Anthropologist and chef

Raquel Torres Cerdán, also Raquel Torres (born 19 November 1948) is a Mexican anthropologist and restaurateur, who has worked to record, preserve and showcase the cuisines of the indigenous peoples of Veracruz, through her restaurants and food writing.

== Biography ==
Torres was born in Xalapa on 19 November 1948. Her parents were Guillermina Cerdán, a housewife, and Abel Torres García, who was variously an itinerant coffee-seller, bricklayer, waiter and eventually restaurant owner. She credits meeting the chef Angel Objeco, who worked at her father's restaurant of La Parroquia, in inspiring her interest in cuisine. She initially worked as a civil servant, but made the move to study Anthropology at University of Veracruz in order to expand her knowledge of the food of the indigenous peoples of Veracruz. The accumulation of this knowledge and its preservation has become an important aspect of Torres' career.
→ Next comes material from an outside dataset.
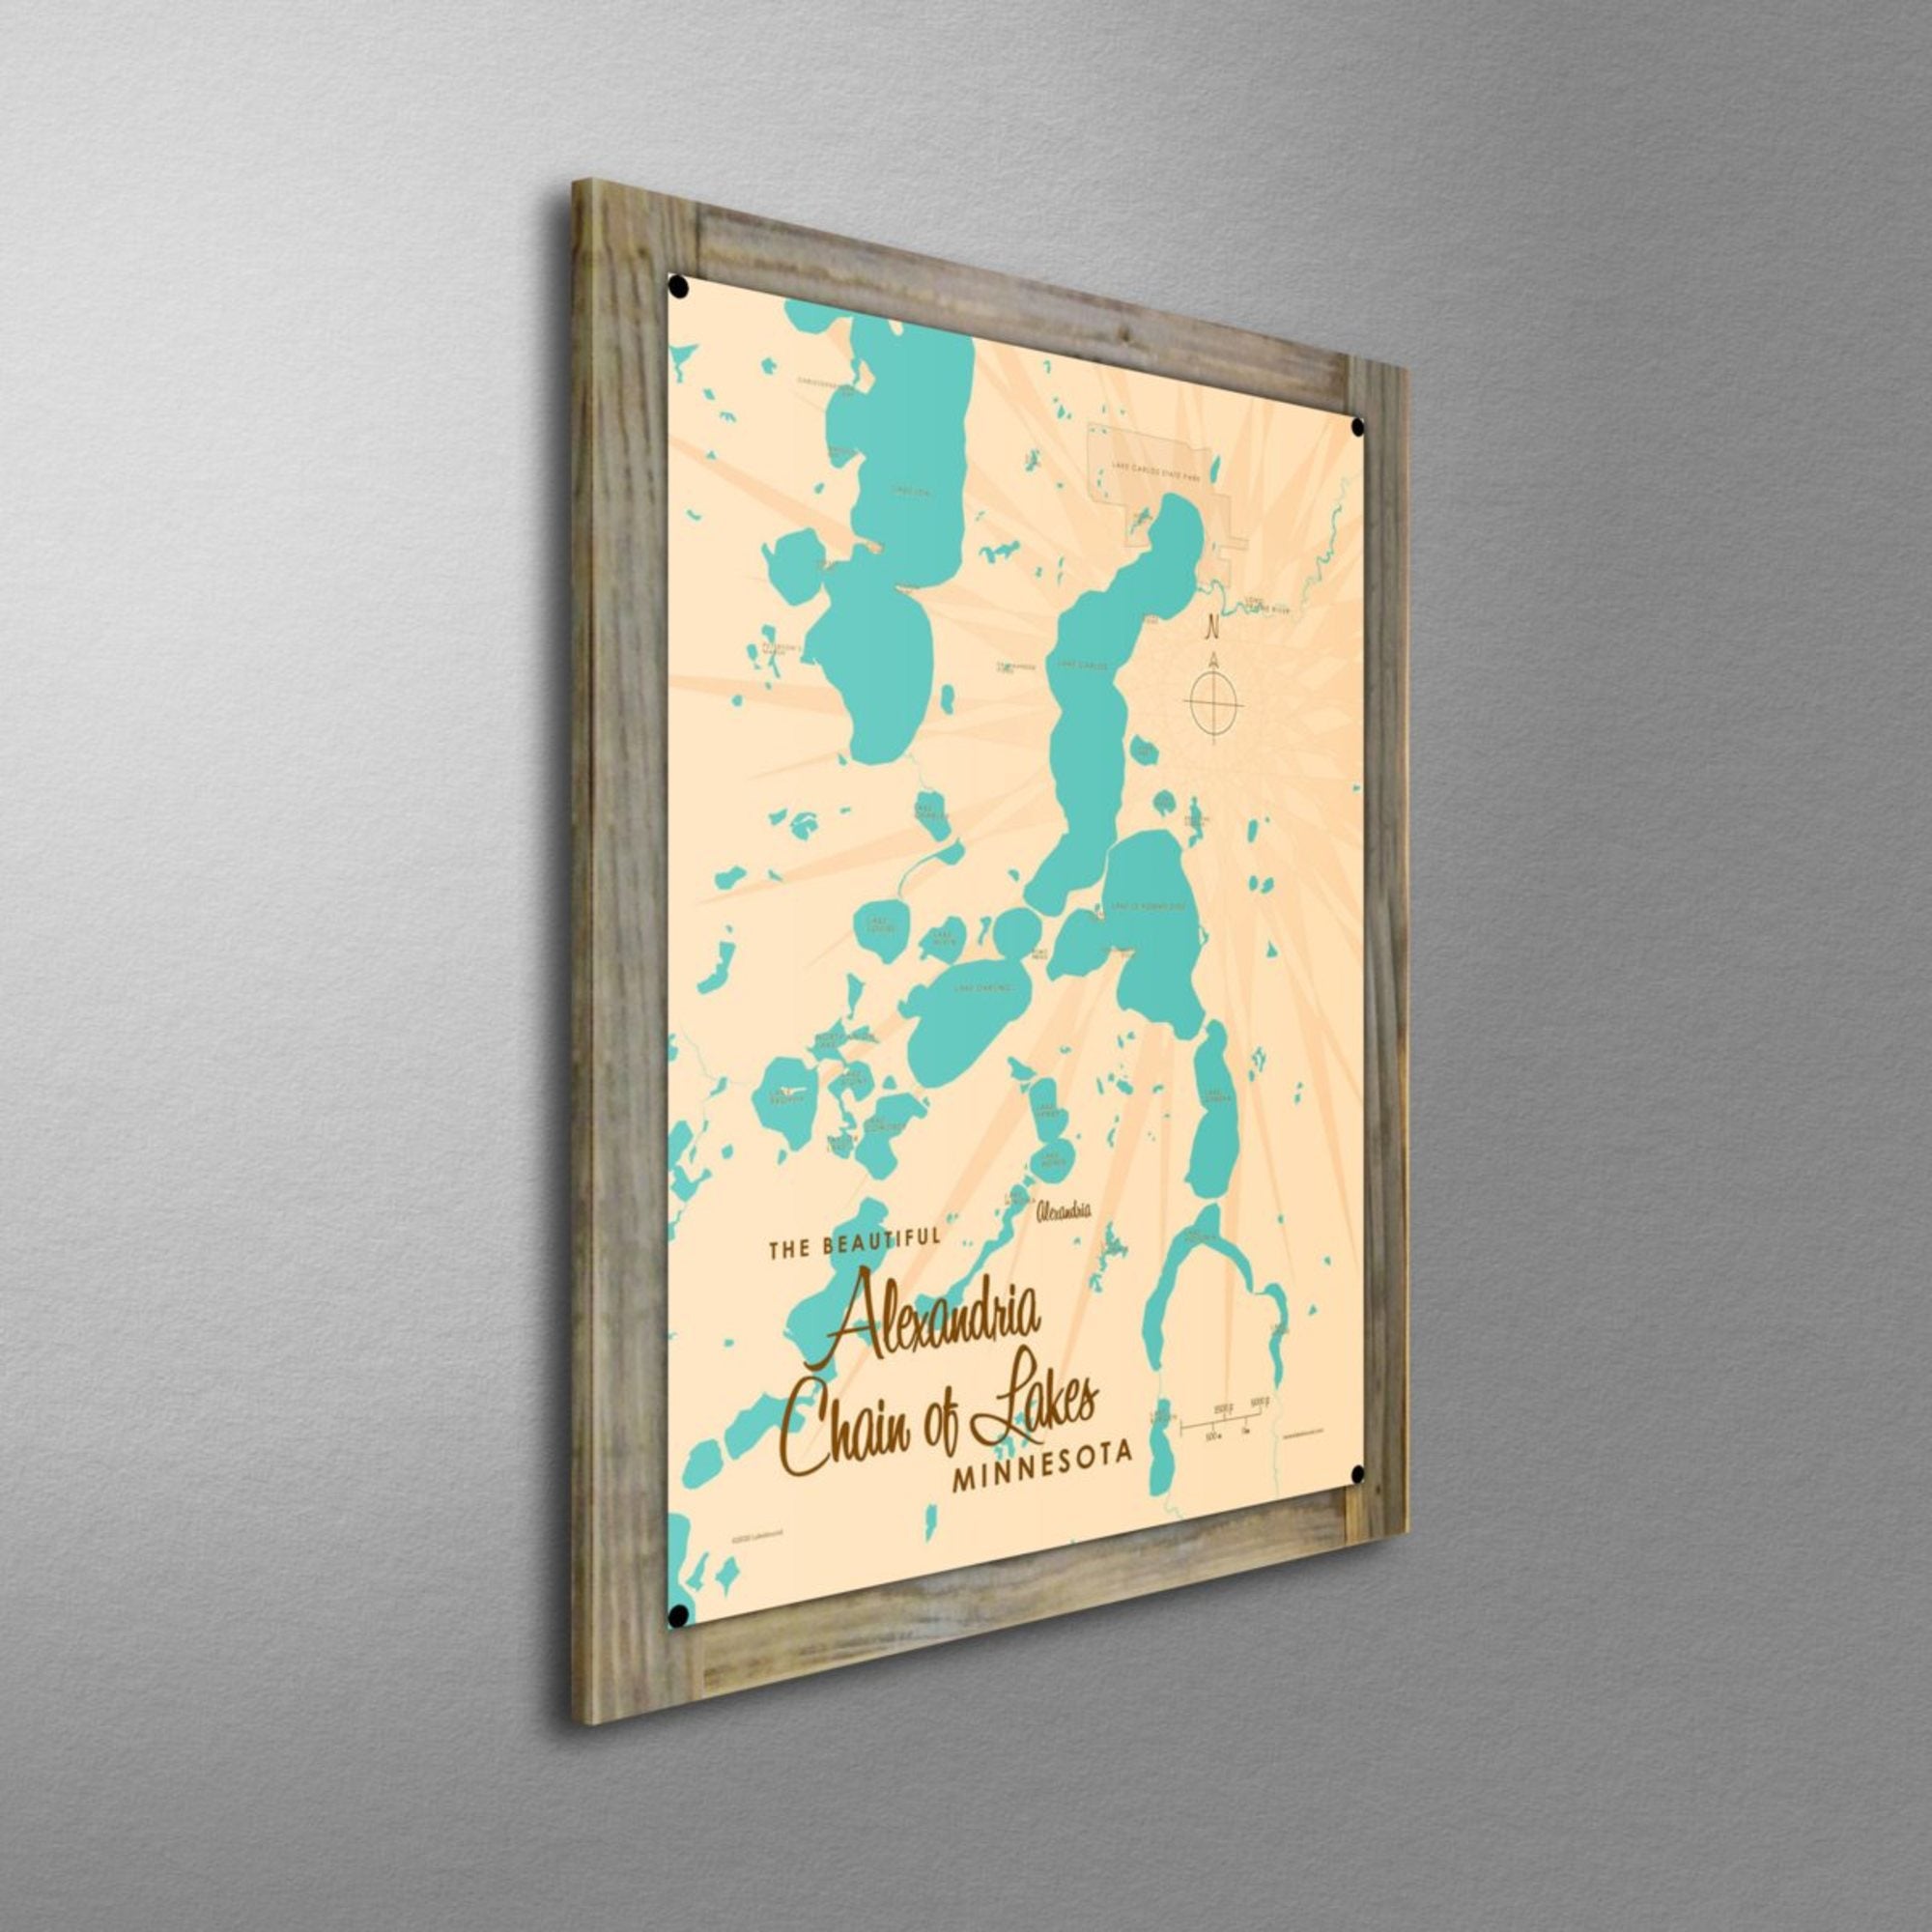 Alexandria Chain of Lakes Minnesota, Wood-Mounted Metal Sign Map Art

Research into indigenous cuisine inspired Torres to open her first restaurant, La Fonda, which served a menu dedicated to the regional foods. She later opened La Churrería del Recuerdo, where she intended to serve recipes that were over 130 years old. However, Torres discovered that whilst there were recipe books available from that period, they recorded middle and upper class foods, not those of the working classes. In addition to running two restaurants, Torres teaches workshops on the skills of Mexican cookery, with a focus on the food of the Veracruz region.

== Recognition ==
In 2019 the National Council for Tourism, Culture and the Arts in Mexico and the Xalapa City Council paid tribute to Torres' work, citing the influence she has had on the preservation of the gastronomic heritage of Xalapa. The chef and writer Diana Kennedy has cited Torres' work as an influence.

== Selected works ==

- Torres Cerdán, Raquel. La Cocina de Xalapa. (2015).
- Torres Cerdán, Raquel. Las flores en la cocina mexicana. Vol. 22. Conaculta Culturas Populares, 2000.
- Torres Cerdán, Raquel; Careaga Gutiérrez, Dora Elena; and Cruz, Carretero Sagrario. La cocina afromestiza en Veracruz. (1995).